Transportation plays an important role in the national economy and social development. Whether the transport system is modern, or traffic management is advanced, is an important symbol of modernization. With the development of economy, the number of vehicles increases rapidly with the demand of transportation. Since the 1980s, the growing traffic flow has produced several problems such as the traffic congestions, traffic accidents, energy shortages and environmental pollution. Thus, the study of traffic flow has become an interesting issue in the economic and social development. At present, governments and research institutions have paid significant attention to the effective use of the transport resources, as well as the application of scientific theories to guide the construction of transportation. Based on the cellular automata (CA) theory, the urban traffic is simulated, and the traffic dynamics is described by proposed discrete equations. A 2-D typical urban traffic model with four crossroads is established in this paper. Moreover, a set of factors affecting on the efficiency of traffic running, i.e., the interaction of vehicles, overtaking and signals control strategy, are investigated. The main contents and achievements in this paper are listed as follows:
     1) Combined the CA method with the car following model, this paper has proposed a vehicular movement model in one-way one-lane road, in which the time-position relation of vehicular movement states has been obtained. The interactions of two vehicles with different performances (acceleration ability and maximum allowable velocity), as well as the influence of the performance parameters on the movement states are studied. The traffic signals are also considered in this model, and the effect of signals control strategies (by changing the cycle time of traffic signal and the ratio of green time to cycle time) is discussed. The results show that when the signals are always green, the relative position of vehicles is only related to the performance of vehicles. When the signals change cyclically, the parameters such as signal's cycle time, the ratio of green time to cycle time, et al. could affect the movement of vehicles. Especially, in the model with considering the influences of vehicular acceleration and deceleration, increasing the waiting times of vehicles will reduce the efficiency of traffic flow.

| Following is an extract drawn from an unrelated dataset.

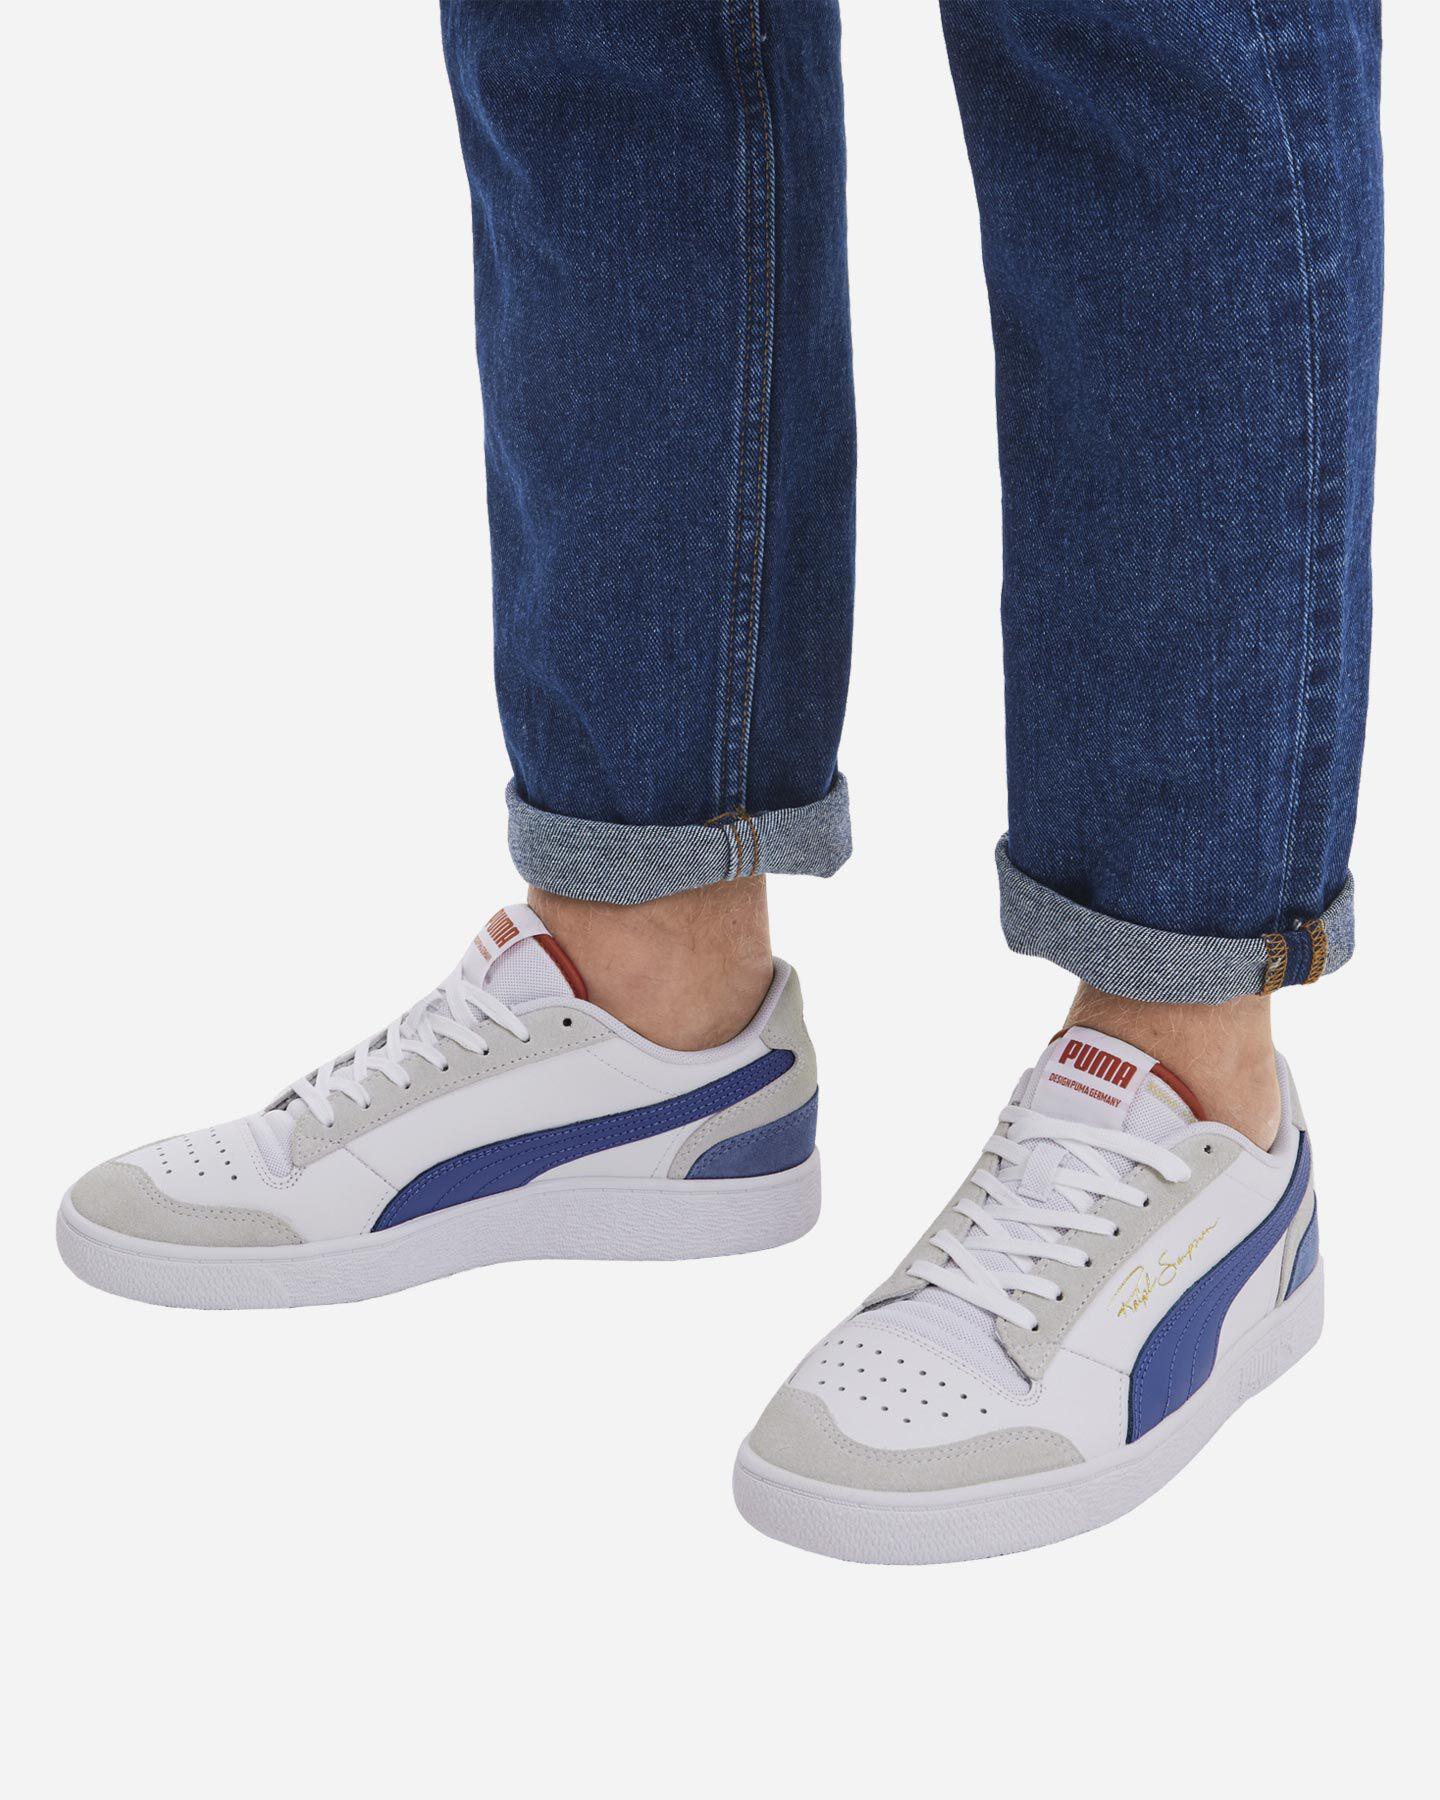 Scarpe sneakers PUMA RALPH SAMPSON LOW VINTAGE M S5188796 scatto 5
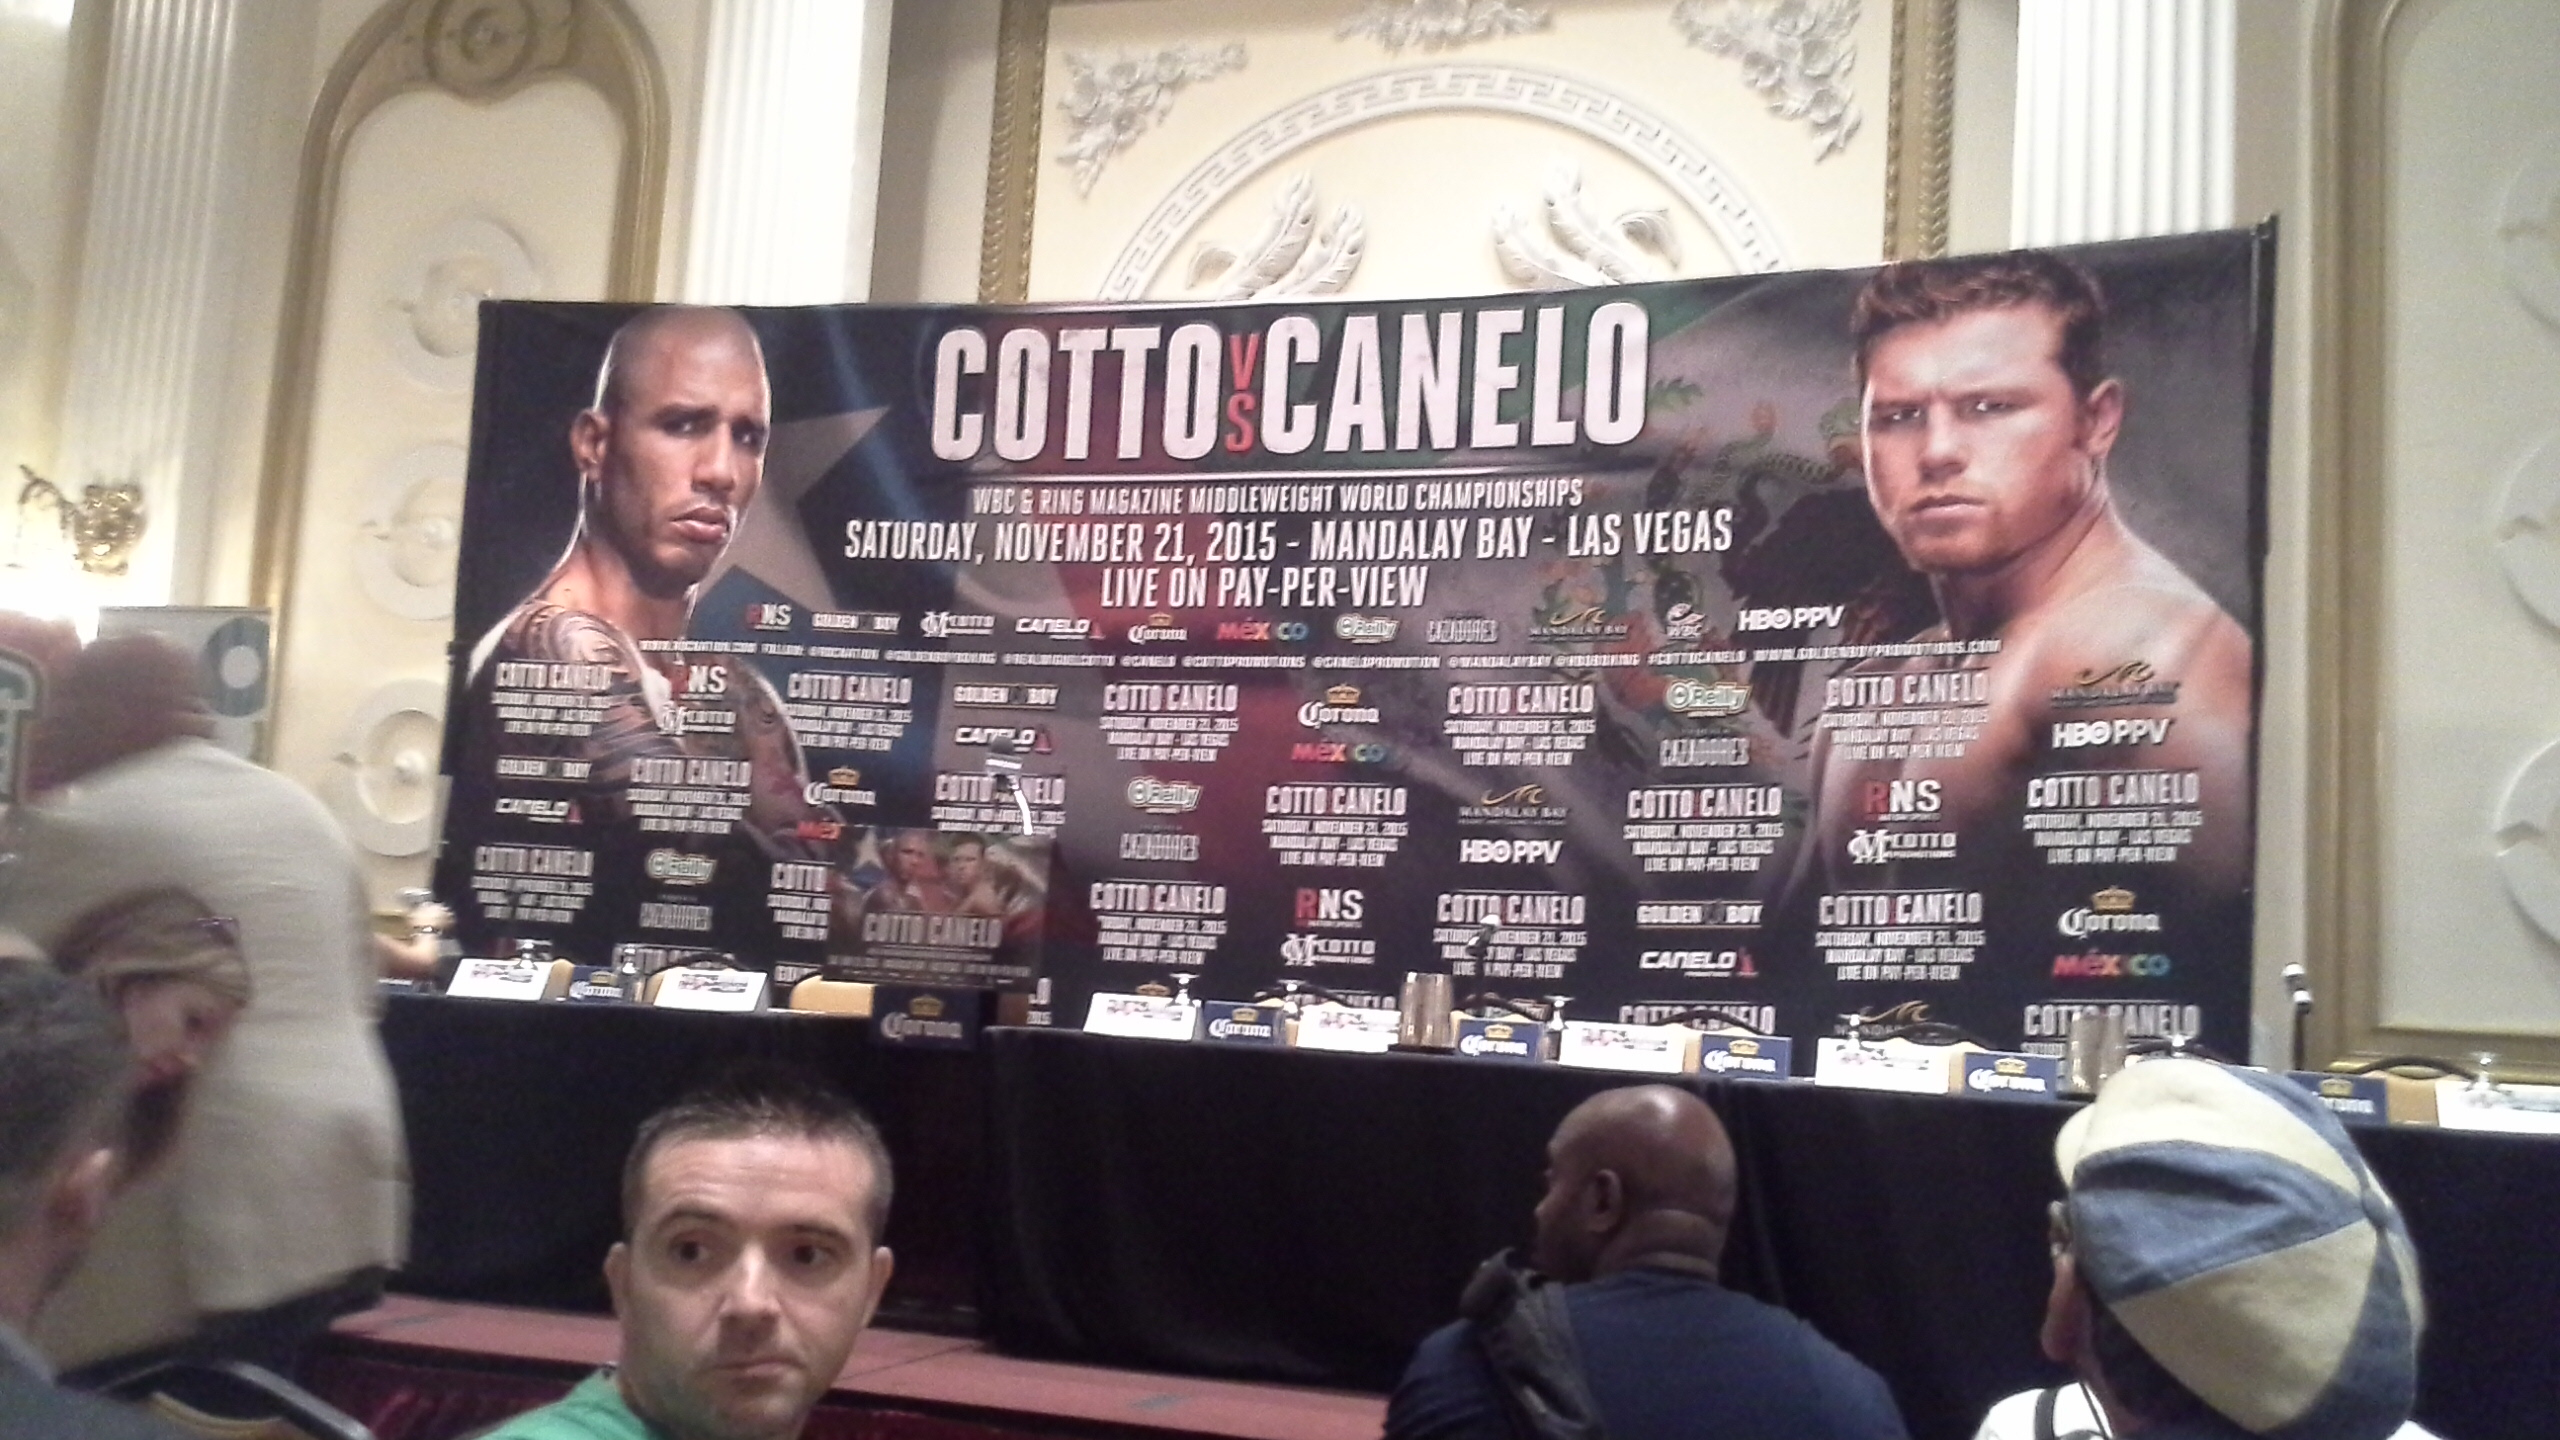 MEXICO MAKES VOICE HEARD AT COTTO-CANELO PRESS CONFERENCE

     2) Based on the model proposed above, two-lane traffic flow with the consideration of overtaking is investigated. Influences of signal cycle time and vehicular density on the mean velocity and mean overtaking times of traffic flow are discussed. The effects of slow vehicles and road barricades on the traffic flow are also studied. Simulation results show that the vehicular density and the signal cycle time have significant influences on the traffic flow. The mean velocity of the traffic flow could keep a comparatively large value when vehicular density is less than the optimal density. When the vehicular density exceeds the optimal density, the state of traffic flow is affected by the density significantly. For a certain value of density, the mean velocity displays a serrated fluctuation with cycle time. Therefore, there may exist a certain combination of density and cycle time which optimizes the traffic flow efficiency. The effect of barricades on traffic flow is highly related to vehicular density. The higher the vehicular density value is, the more conspicuous the effect of barricades will be.
     3) The 2-D typical urban traffic with consideration of four crossroads are investigated. A parameter pcross is defined which means the allowed-density of vehicles at crossing. Influences of signal cycle time, vehicular density and allowed-density of vehicles at crossing on the mean run-time, mean velocity and mean overtaking times of the traffic flow are discussed. Simulation results show that there exist certain range ofρcross which optimizes the traffic flow efficiency, and avoids traffic jam and deadlock at crossing. The model proposed here and the simulation results which took into account the effects of signal cycle time, vehicular density, density of vehicles at crossing on the traffic flow with overtaking allowed, can reflect the situation of the traffic flow in a more realistic way.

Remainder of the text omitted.